Ambassador of Bangladesh to Russia
- In office 17 January 1994 – 14 January 1996
- Preceded by: Mustafizur Rahman
- Succeeded by: Mostafa Faruk Mohammad

Personal details
- Born: Abul Mohammad Samaul Abdullah Amin 28 July 1947 (age 78) Kurigram, Bengal, British India
- Party: Noitik Somaj

Military service
- Allegiance: Bangladesh
- Branch/service: Bangladesh Army
- Years of service: 1968–2001
- Rank: Major General
- Commands: GOC of 66th Infantry Division; Commander of 44th Infantry Brigade;
- Battles/wars: Bangladesh Liberation War

= A. M. S. A. Amin =

Bangladeshi politician and retired Major General

Abul Mohammad Samaul Abdullah Amin is a retired Major General of the Bangladesh Army, a politician from Kurigram district and former ambassador.

== Career ==
Amin was a prosecutor in the court martial case over the assassination of Ziaur Rahman in 1981 when he was a colonel in Bangladesh Army.

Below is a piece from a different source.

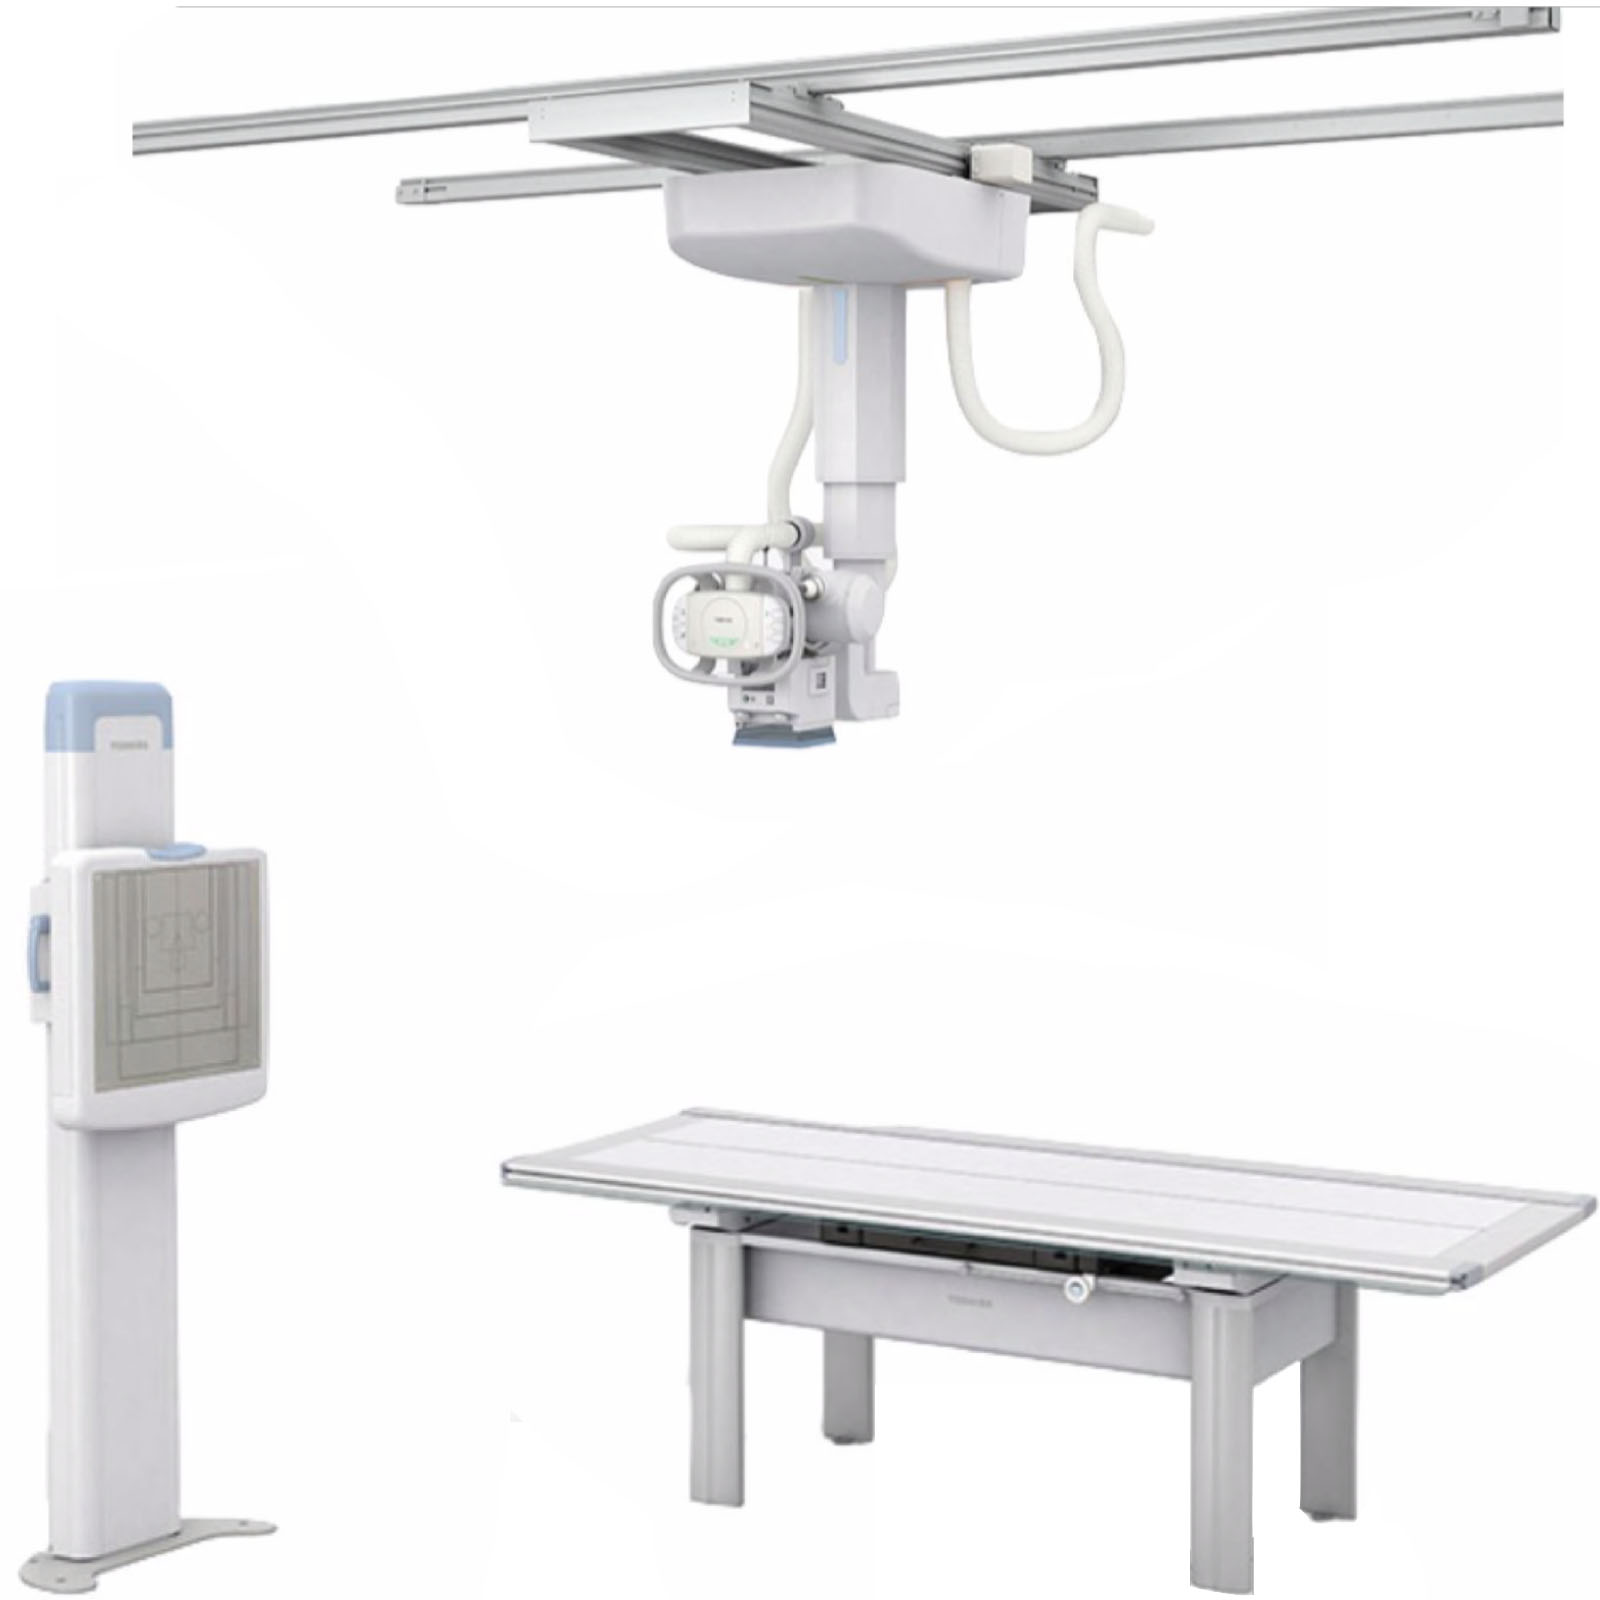 Angiography System Market

Amin is the chairman of the Center for Security and Development Studies, a non-governmental organization.

Amin retired from the army and joined the Awami League in 2001. In 2003, he was elected president of the Kurigram district committee of the Awami League. He was defeated in the 8th parliamentary elections of 2001 which he contested from Kurigram-2 constituency with the nomination of Awami League. After that he joined Gono forum in 2018. He also lost the Kurigram-2 constituency in the eleventh parliamentary election.

Amin was the administrator of Kurigram district council.